*** Given information Section Begins ***

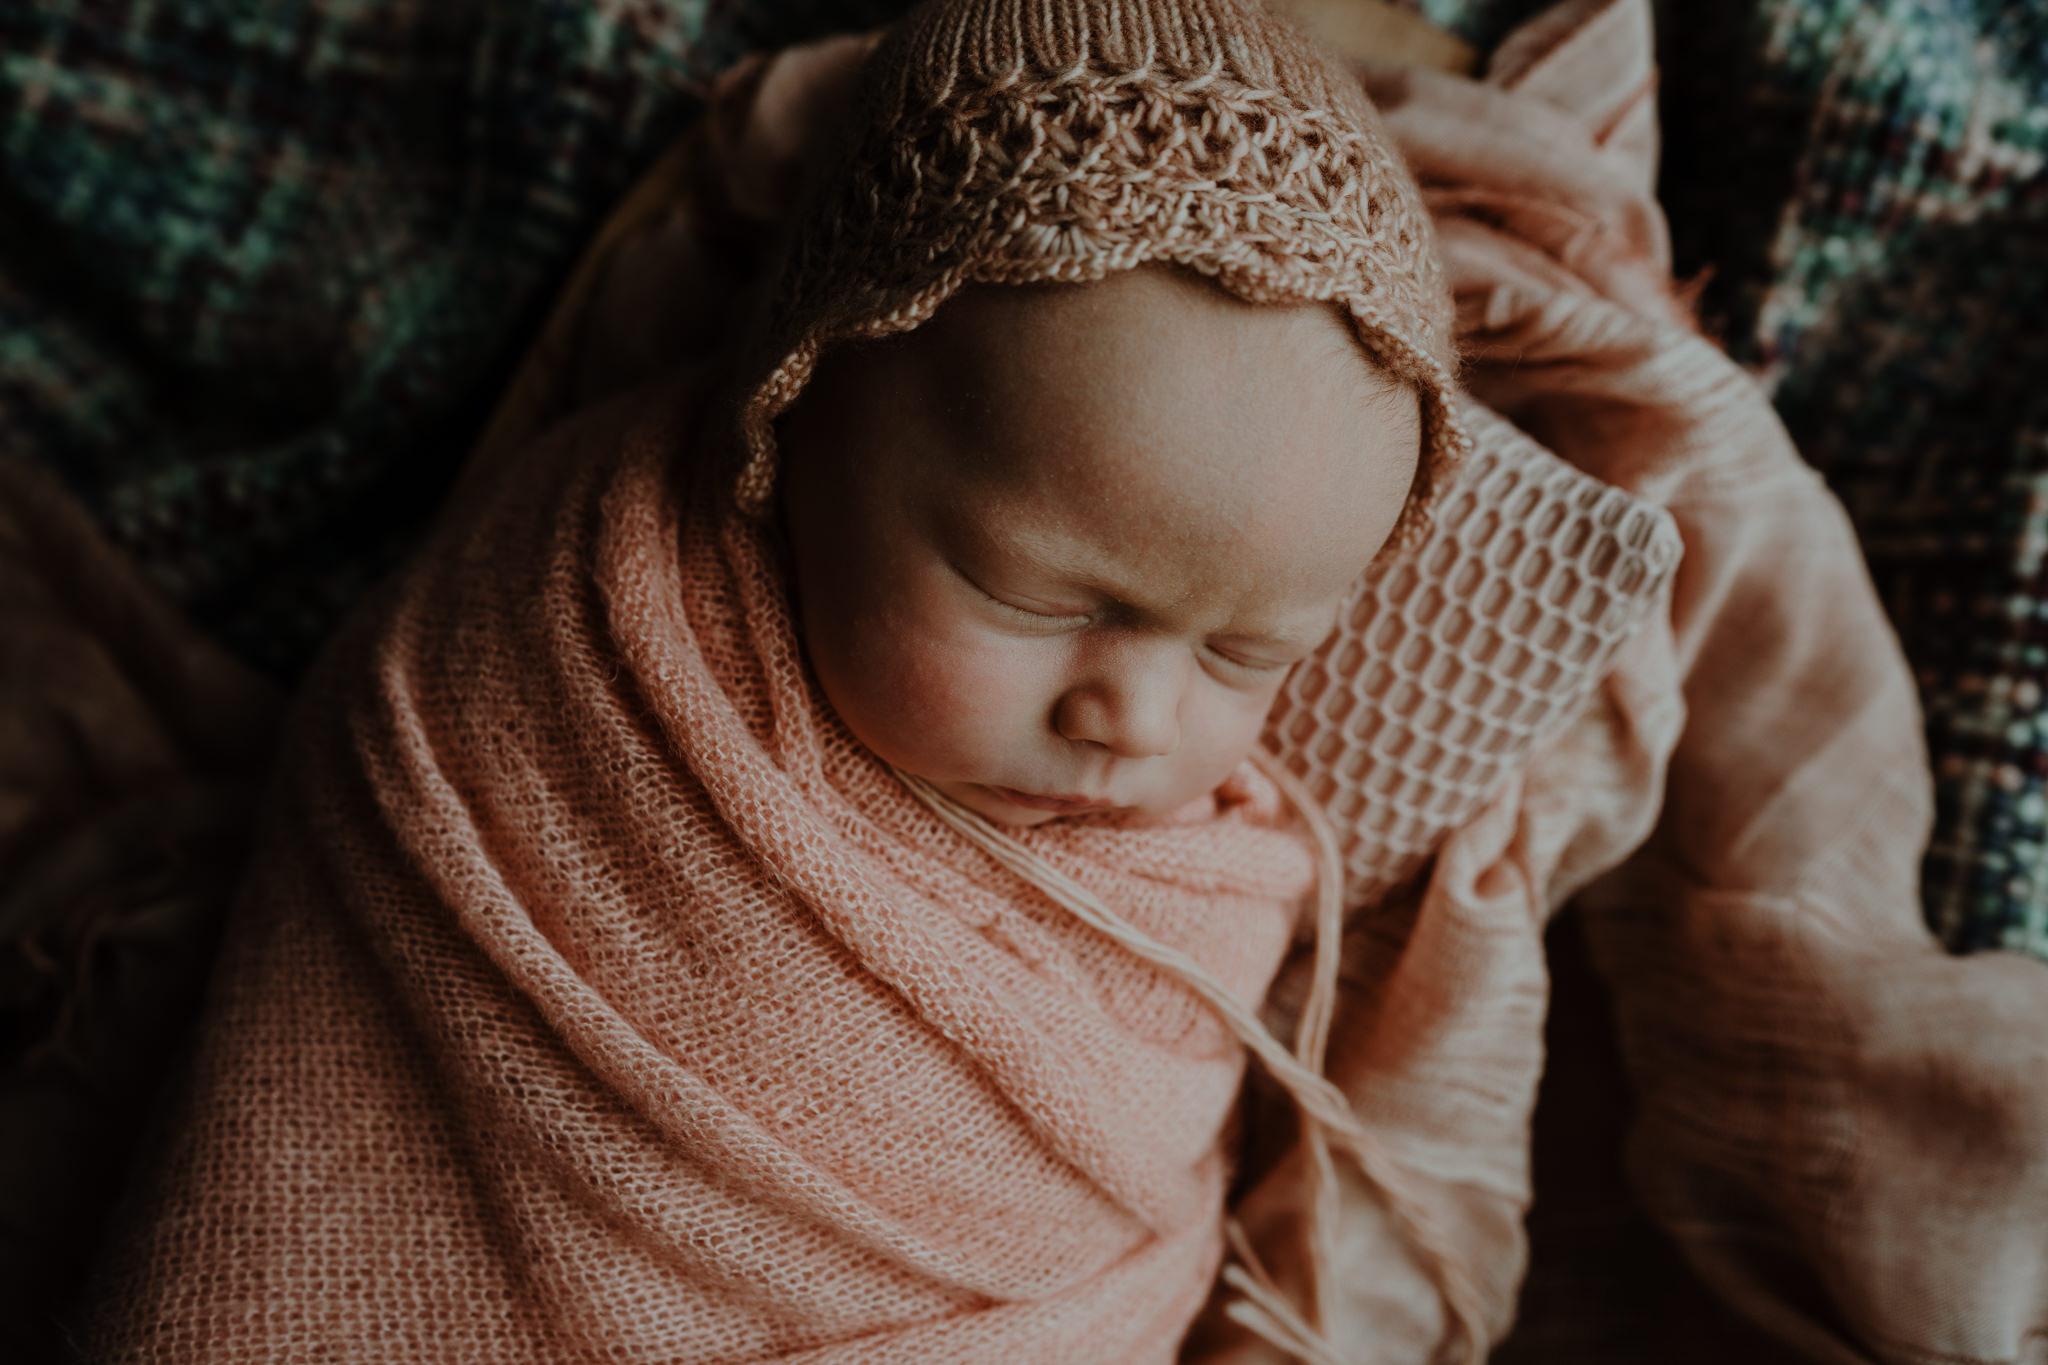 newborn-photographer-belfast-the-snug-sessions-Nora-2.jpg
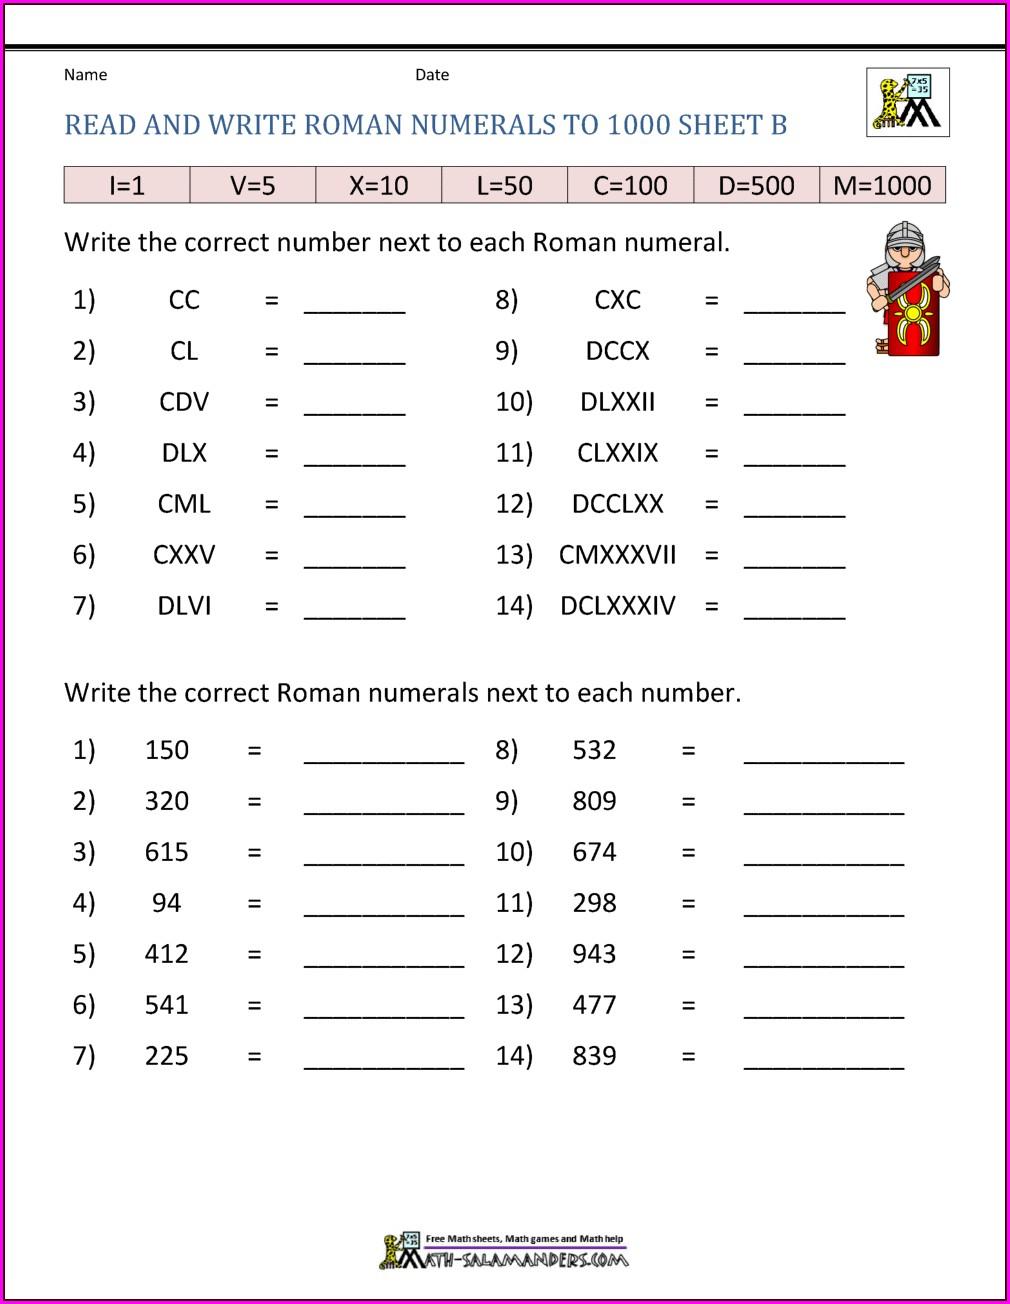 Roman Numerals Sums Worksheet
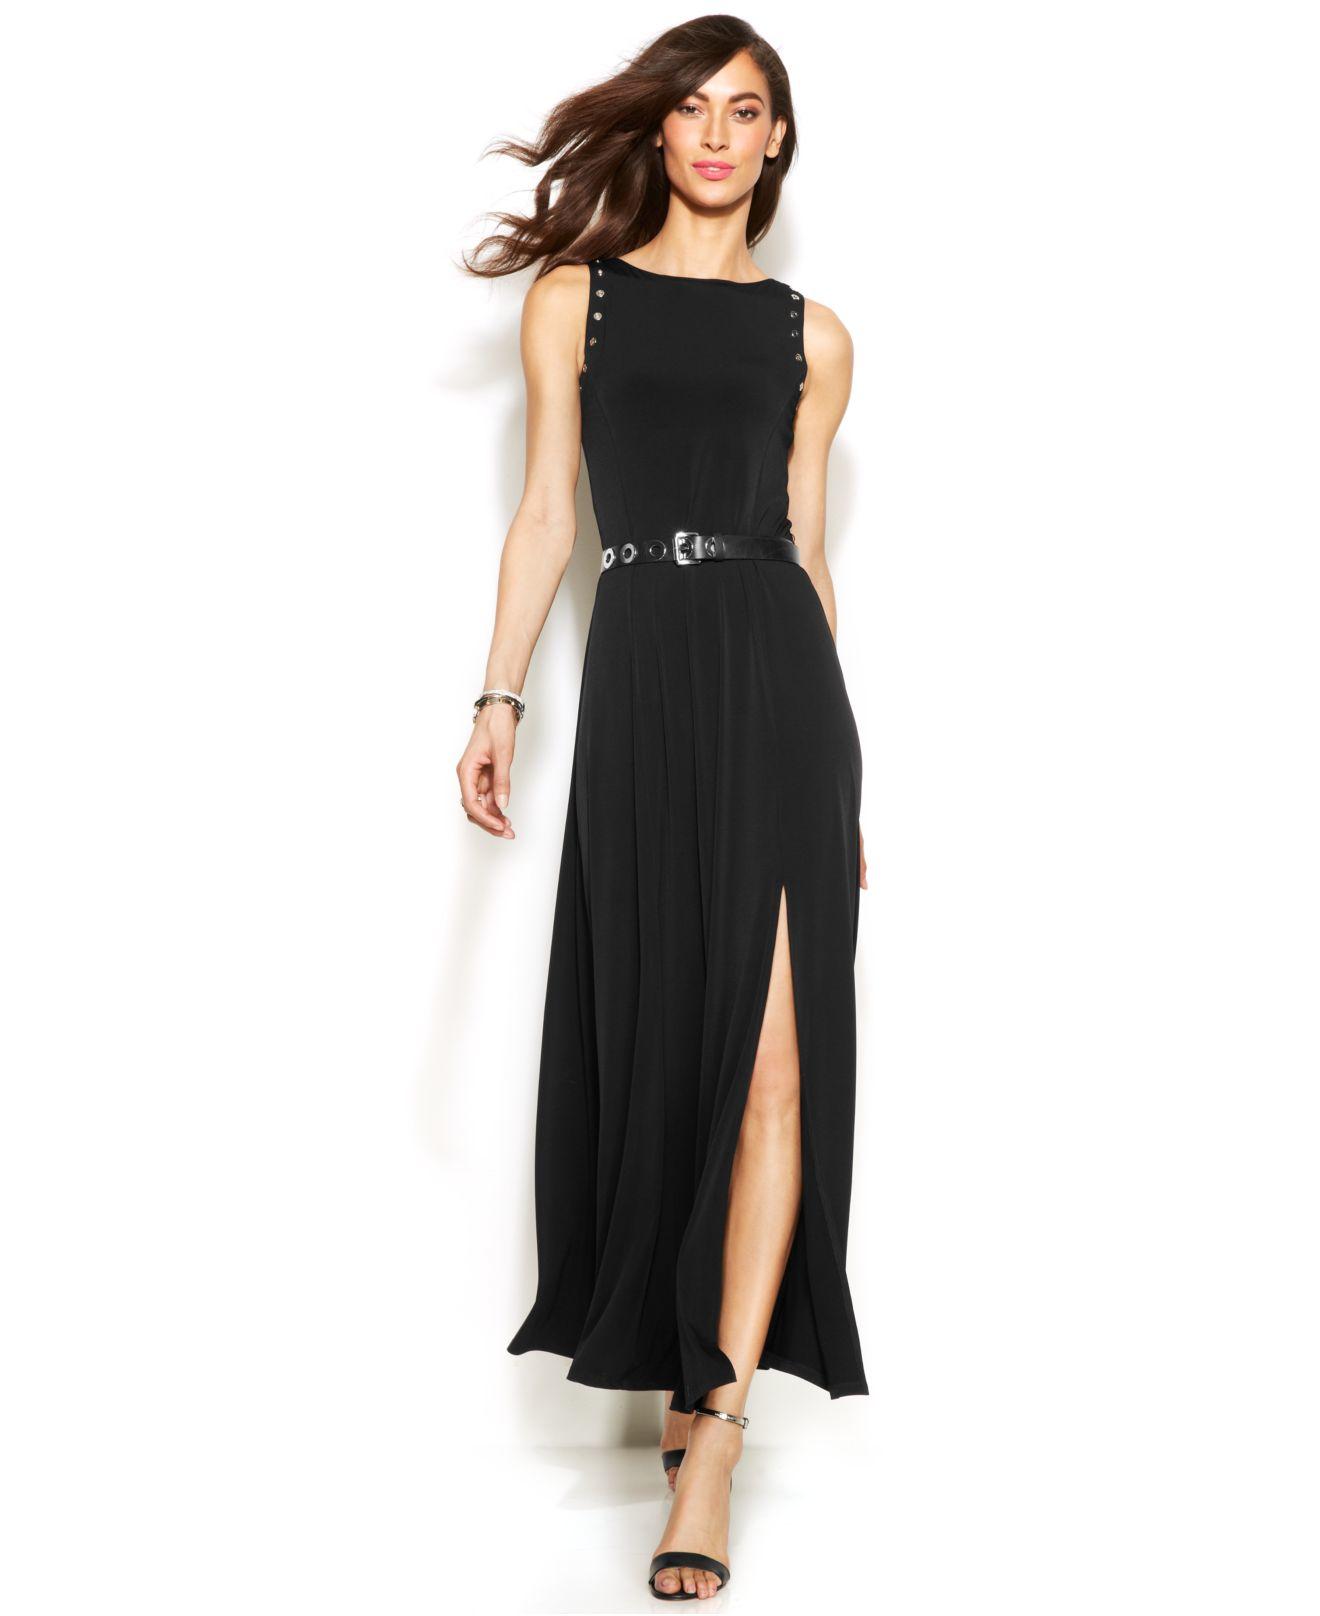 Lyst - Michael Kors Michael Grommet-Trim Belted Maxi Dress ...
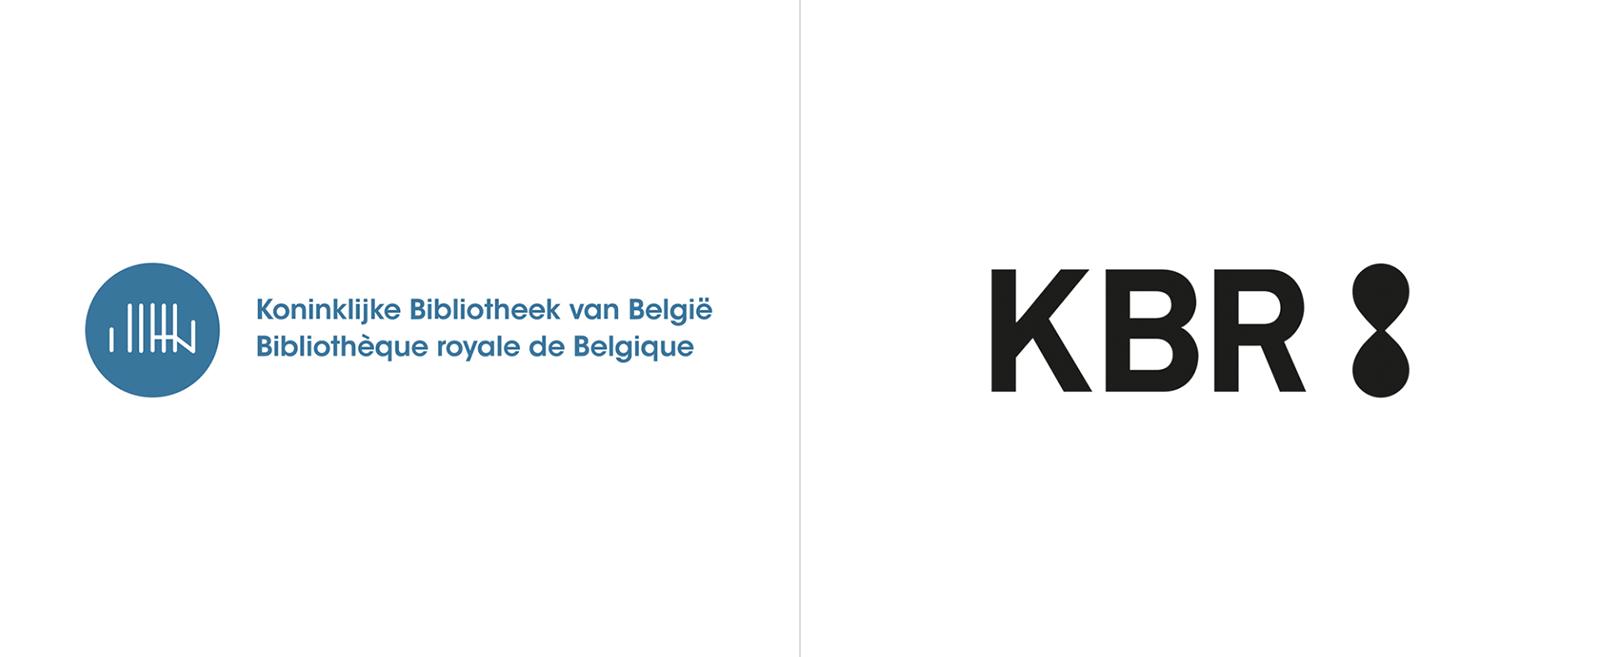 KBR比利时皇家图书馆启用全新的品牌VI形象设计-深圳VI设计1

*** Given information Section Ends ***

Directions: Copy exactly, and only, the lines from the line containing "Roman Numerals Sums Worksheet" through the final line of the material above, with no pictures.

Solution:
 Roman Numerals Sums Worksheet
 Lyst - Michael Kors Michael Grommet-Trim Belted Maxi Dress ...
 KBR比利时皇家图书馆启用全新的品牌VI形象设计-深圳VI设计1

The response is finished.